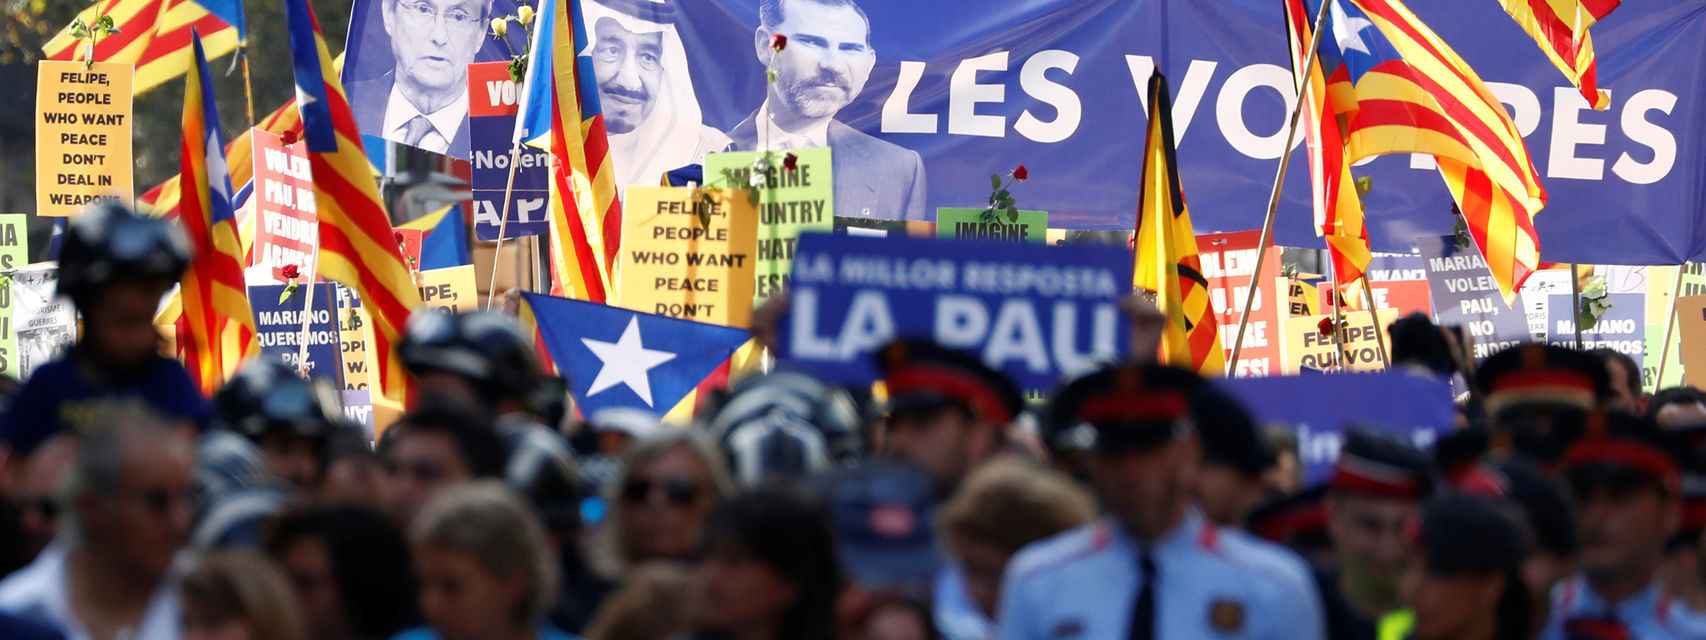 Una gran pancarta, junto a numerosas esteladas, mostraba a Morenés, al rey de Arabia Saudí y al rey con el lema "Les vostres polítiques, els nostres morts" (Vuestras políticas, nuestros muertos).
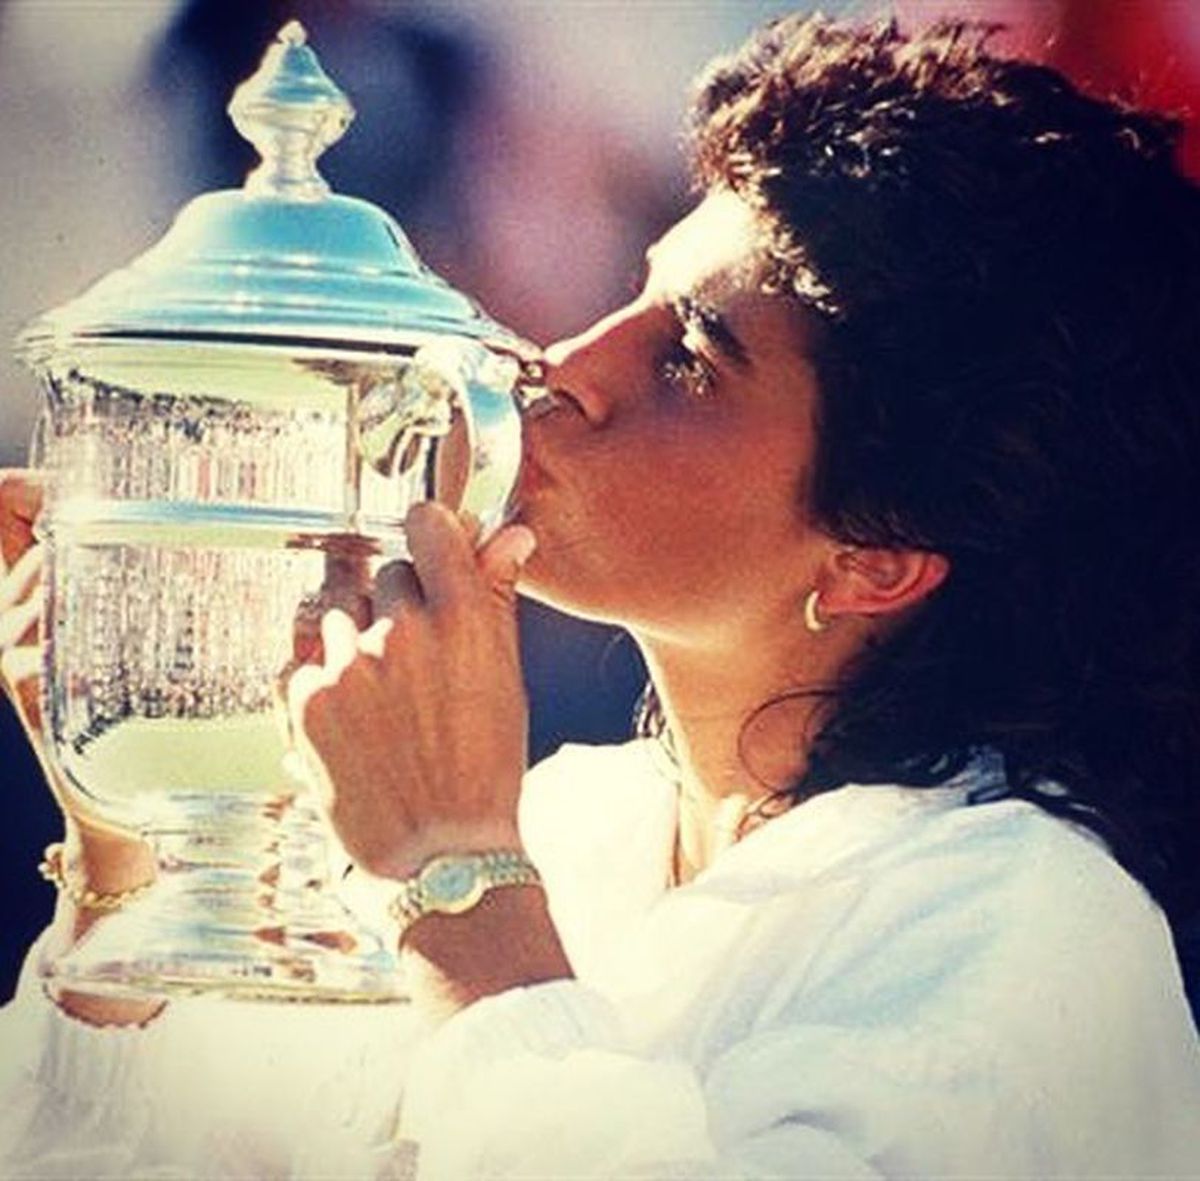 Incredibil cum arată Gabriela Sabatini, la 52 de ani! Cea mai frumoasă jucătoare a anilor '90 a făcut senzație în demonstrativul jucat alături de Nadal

====

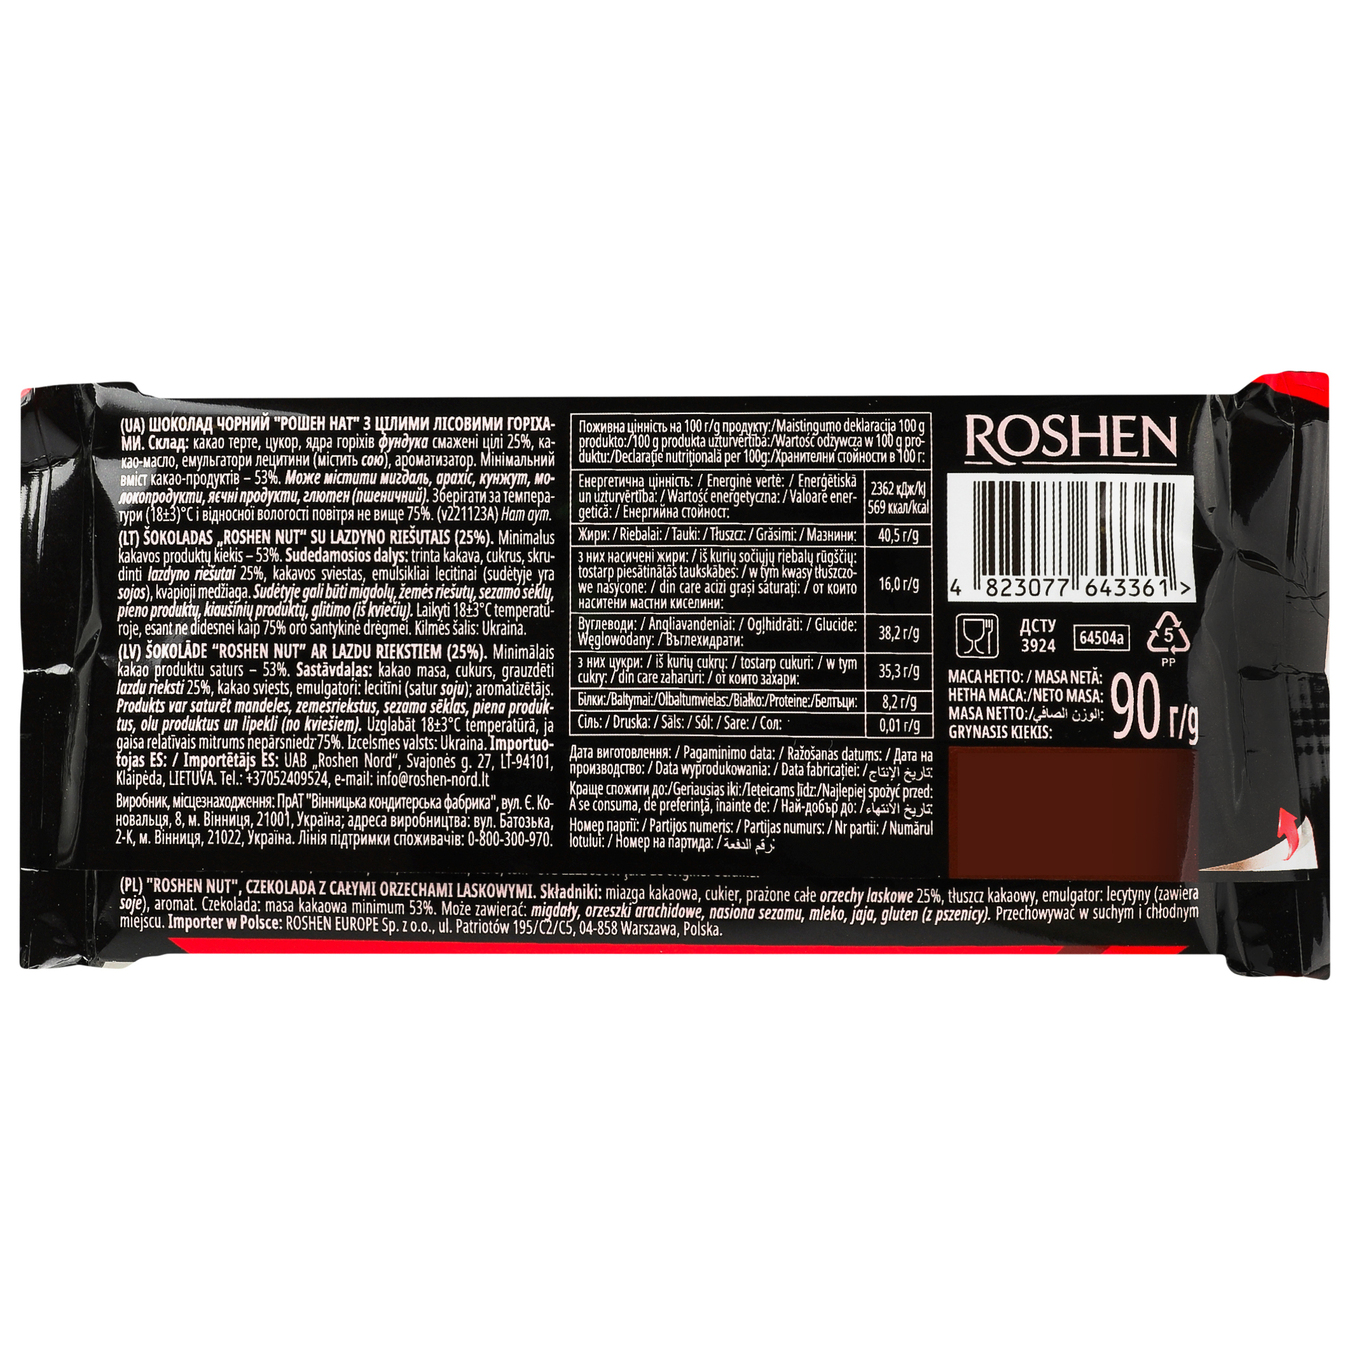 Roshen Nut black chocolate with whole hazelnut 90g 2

====

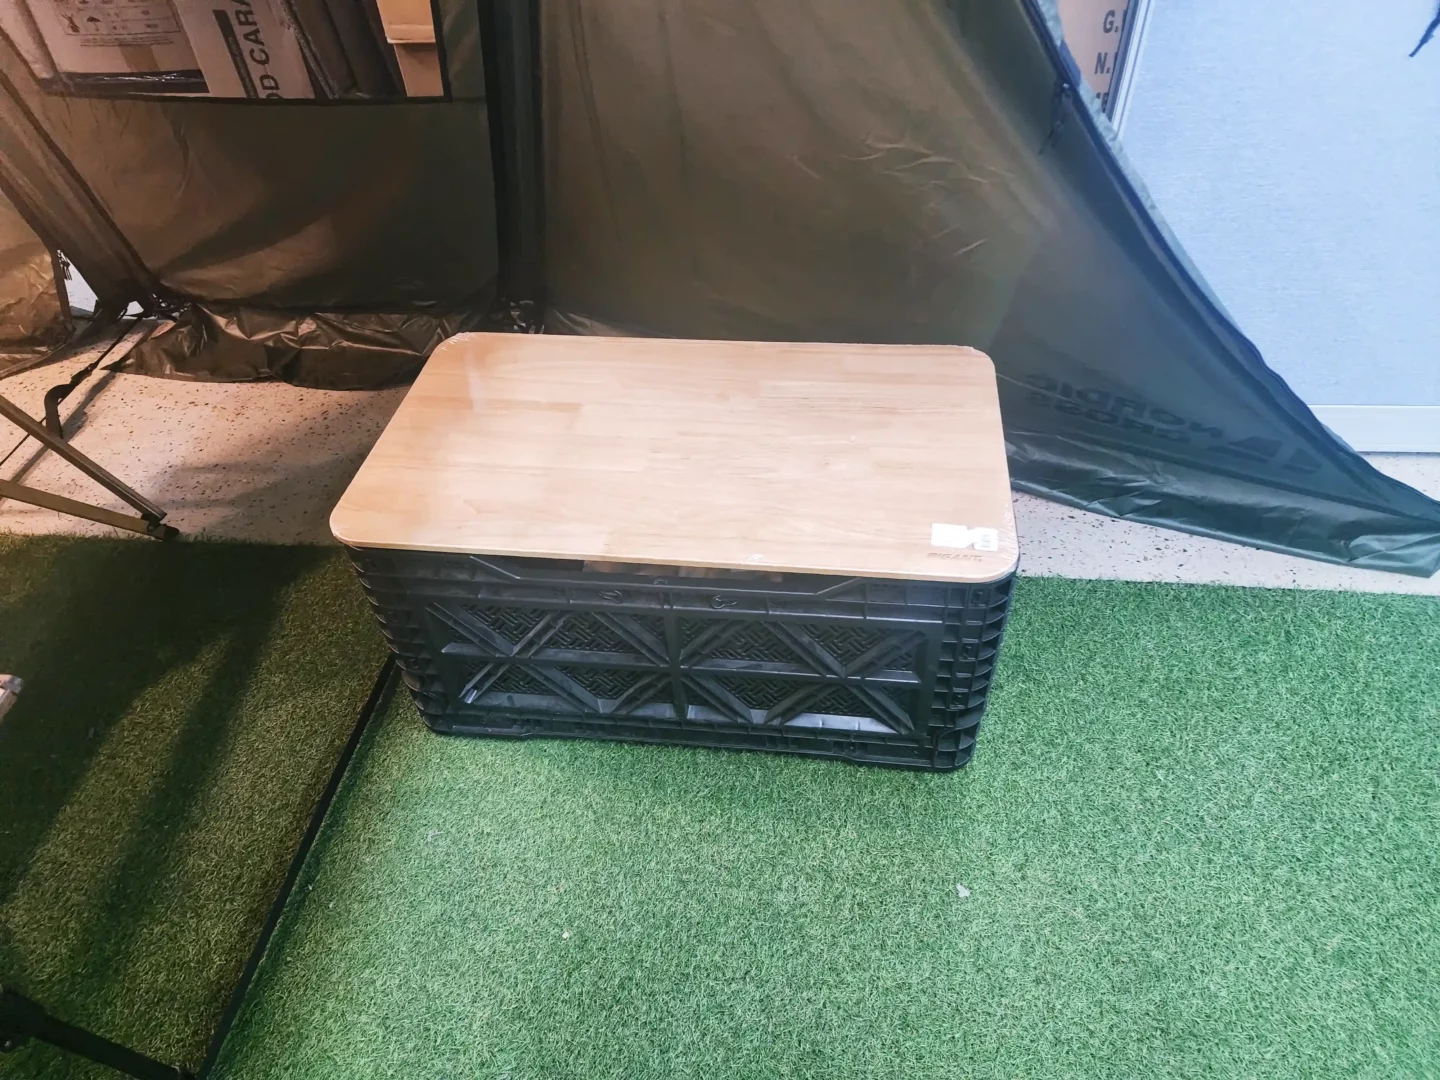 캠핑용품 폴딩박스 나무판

====

◆ Task statement ◆
Although the records hold pictures, the copy must not; give again exactly the lines from the one with "Una gran pancarta, junto" through the one with "Incredibil cum arată".

◆ Task answer ◆
 Una gran pancarta, junto a numerosas esteladas, mostraba a Morenés, al rey de Arabia Saudí y al rey con el lema "Les vostres polítiques, els nostres morts" (Vuestras políticas, nuestros muertos).
 Incredibil cum arată Gabriela Sabatini, la 52 de ani! Cea mai frumoasă jucătoare a anilor '90 a făcut senzație în demonstrativul jucat alături de Nadal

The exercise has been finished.